Without chaining. I haven't really worked out how to clean data out of
the cache. Certainly it is possible, but I don't see it being a big deal.

Right now, the cache is a local-only thing, based purely on the revision
graph. The location of the cache is a branch config, but I would expect
people to either set it up as a global, or possibly per repo, etc.

>> So now I'm trying to figure out if I should go back to at least an
>> in-memory cache, and populate it from the data I query via bzrlib apis,
>> or whether I should just mandate that bzr-history-db is available.
>> If I do the latter, then I may as well change the Loggerhead code to
>> query the database directly, and only use stuff like
>> Branch.last_revision()...
>>
>> Some minor guidance would be appreciated.
> 
> In terms of performance tuning, I think you ought to assume that
> history-db or equivalent is deployed. In terms of dependencies though,
> you should assume it's *not* there. In other words, please go via
> bzrlib, even if you need to introduce new Branch and Repository APIs, to
> access data.

The main problem is that we instantiate a new Branch instance *per
request*. Which means that any caching I assume to happen on or under
Branch won't persist between HTTP requests.

So far, I've just gone via the bzrlib apis you added recently
(dotted_revno_to_revision_id, iter_merge_sorted_revisions, etc.) I
haven't quite worked out if they are enough. But the *big* issue is that
you have 0 caching between requests.

A Branch caches the iter_merge_sorted result as long as you hold a read
lock. However, Branches do not share that cache.

loggerhead is in a bit of a pickle, trying to stay stateless and yet
handle cache state... I don't have a great answer here.

> 
> Why do I say that? I suspect 90% of projects on any hosting site are
> small to medium in size. They *may* benefit from history-db but
> Loggerhead ought to perform fine for those branches without it. By
> sticking with bzrlib APIs, we can selectively enable history-db only on
> large projects, at least until a descendant of it makes it into the core.

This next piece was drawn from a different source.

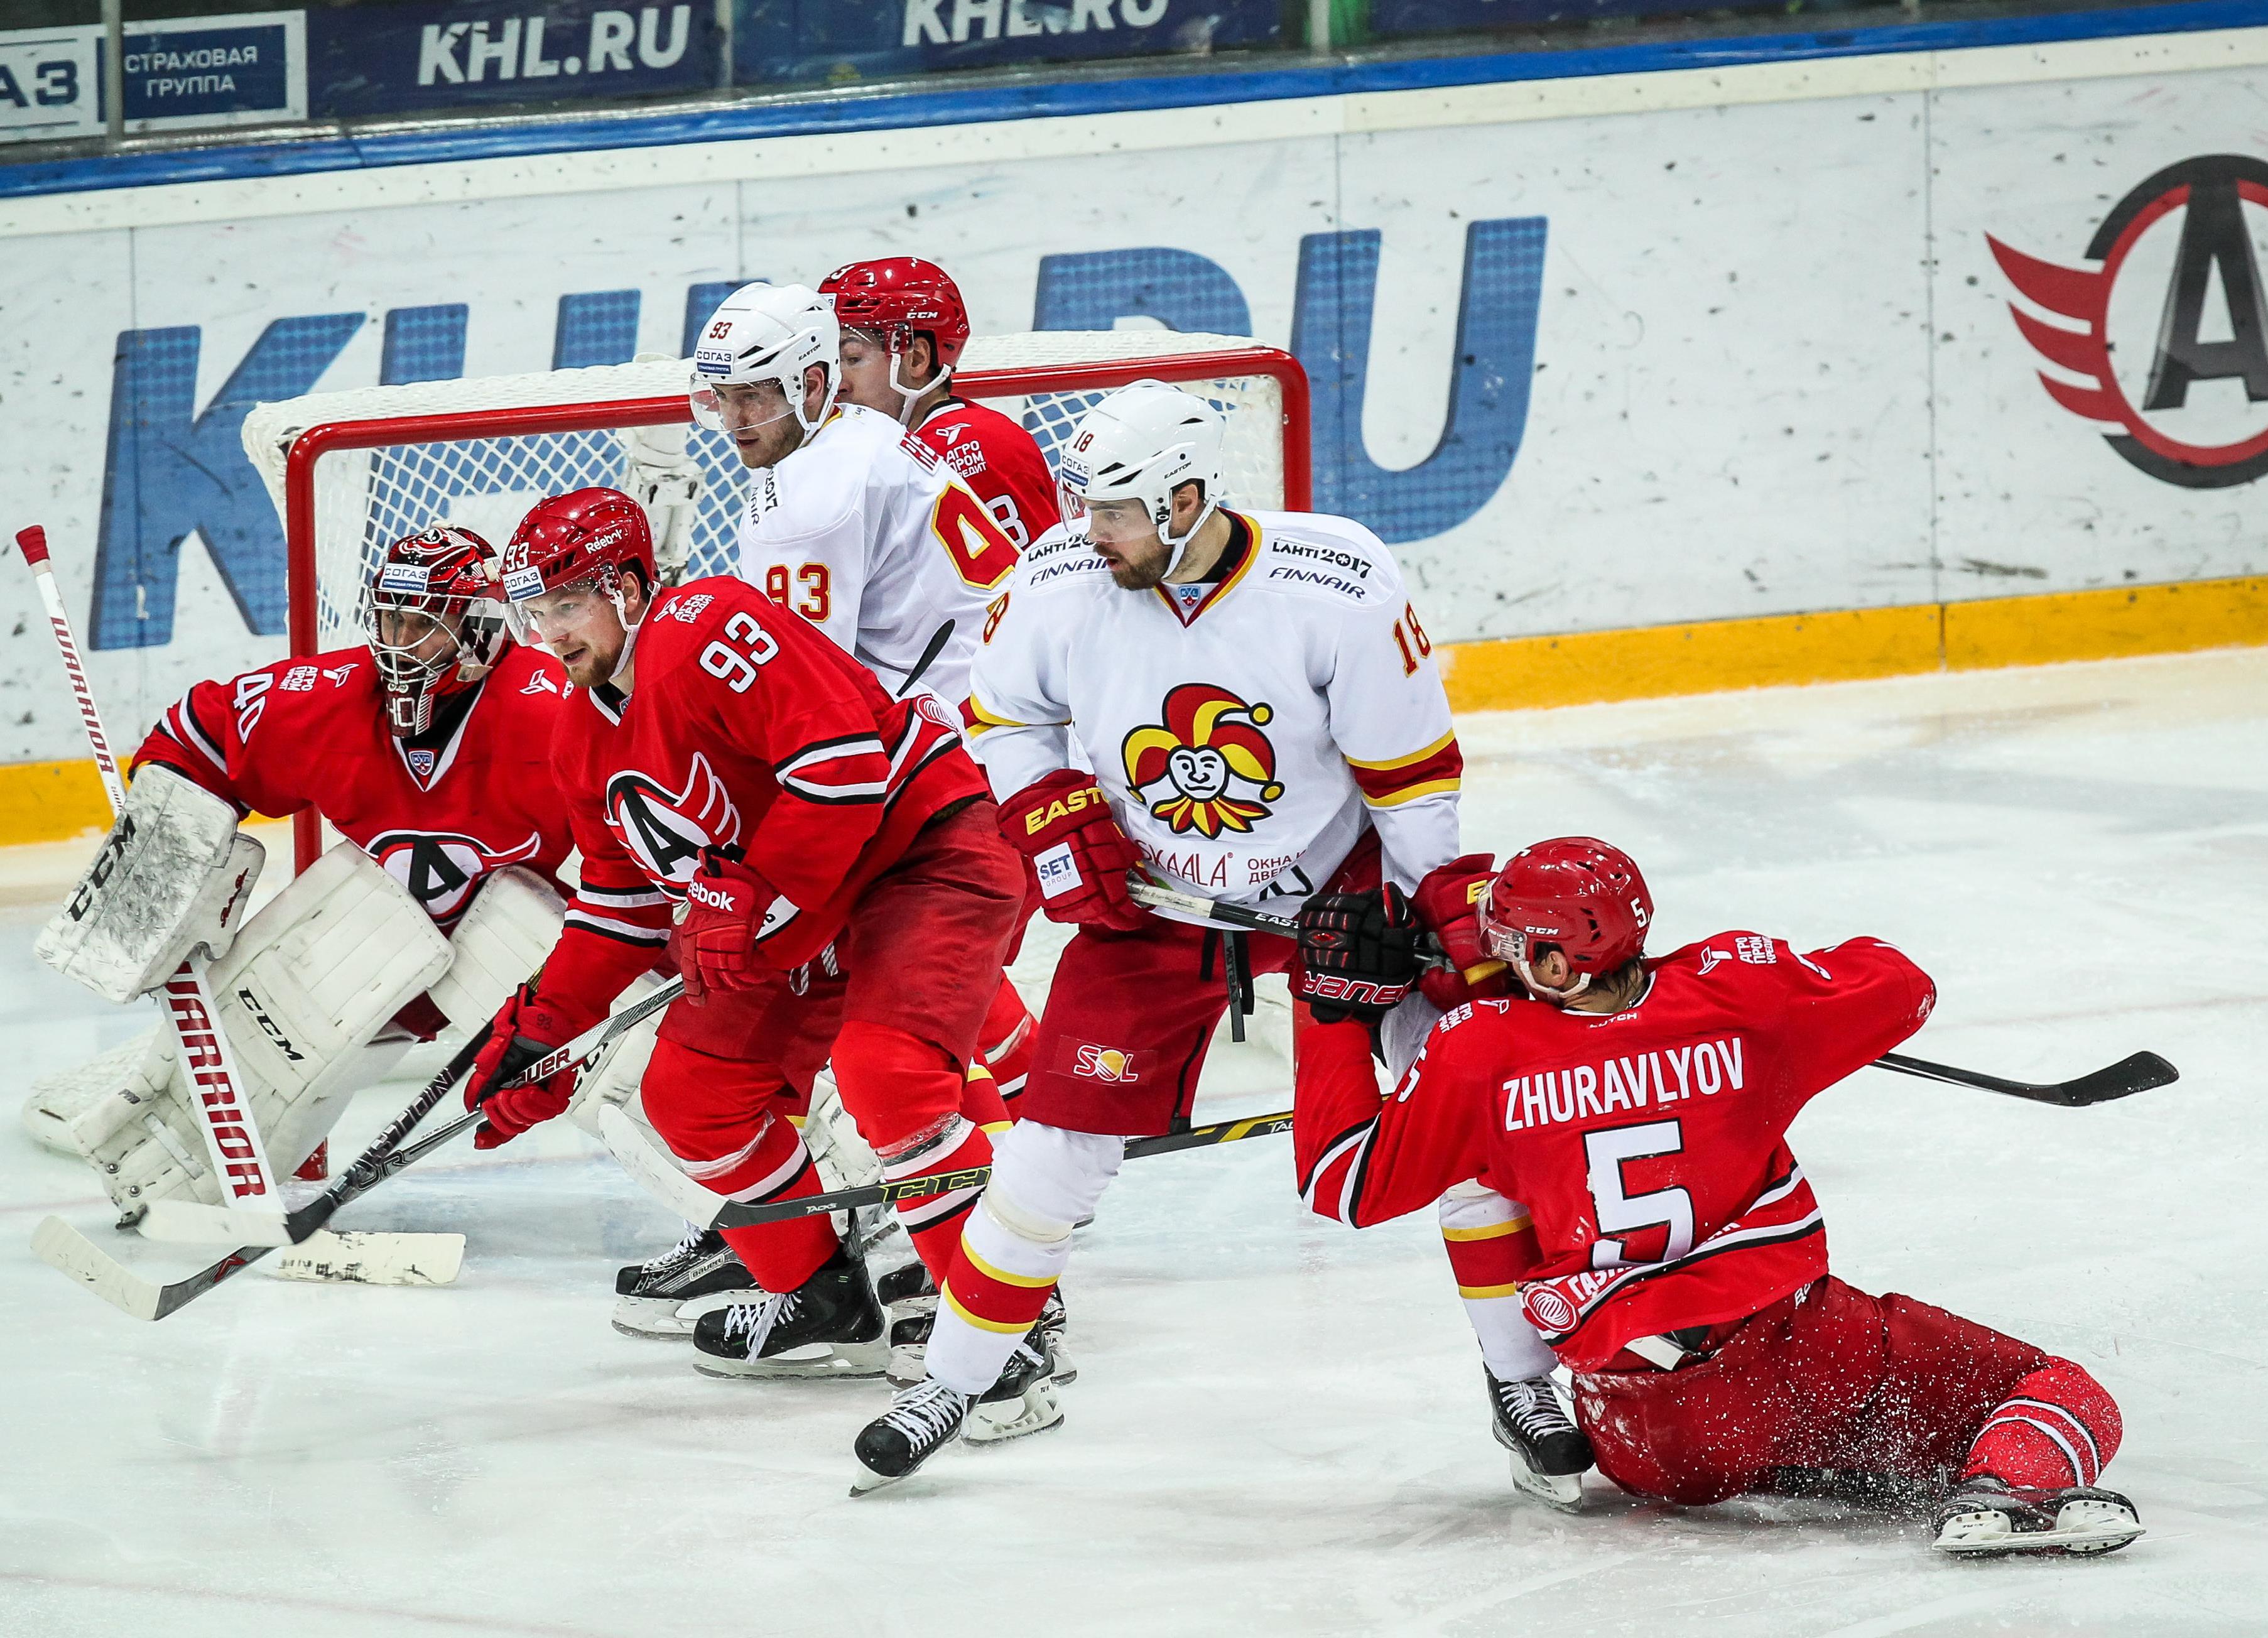 KHL: Jokerit Helsinki stoppt wegen Coronavirus – Sven Andrighetto mit Saisonende

What are you defining as 'medium'? Bzr itself is now 30k revisions and
1k files.

If I stick with Branch apis, it is 1-2s to load the revision graph, as
overhead to pretty much every query. Unless we do something to try to
cache Branch objects (with the fairly major downside that Branch isn't
particularly threadsafe.)

Also note that in loggerhead trunk, viewing the 'trunk' branch of emacs
(when cached) takes say 700ms, but consumes 120MB of RAM. My history-db
branch can do the work in say 450ms, and consume only 30MB of RAM.
(Note, viewing 2 emacs branches only goes up to ~140MB, as a lot of the
StaticTuples get to be shared between them [I think].)

> 
> On a semi-related topic, I'm hoping to do a review of Loggerhead's UI
> soon and look at what we can take out to get closer to O(1) performance.
> For example, I don't think that we need to render the revno column in
> the Files view. (I'm planning to introduce one or more configuration
> settings that will control whether that data is displayed or not.)
> 
> Ian C.

A link is pretty cheap (via revision-id). I don't think it is great for
display.

The main display is also fairly cheap (it only shows the mainline, and
links to merged revs). As such if we just got rid of dotted revnos, we
could have everything be O(1) without any caching.

Oh, and "merged_into" links would have to be sorted out. (They walk
children pointers, which we don't have cheaply.)

John
=:->

-----BEGIN PGP SIGNATURE-----
Version: GnuPG v1.4.9 (Cygwin)
Comment: Using GnuPG with Mozilla - http://enigmail.mozdev.org/

iEYEARECAAYFAkvGcdgACgkQJdeBCYSNAAMLWACeJ0z+g7QdtrU6FCTyiLXQGF4y
8OUAoKGft6iHBT274Tni5ot+3BUqyRHX
=FR07
-----END PGP SIGNATURE-----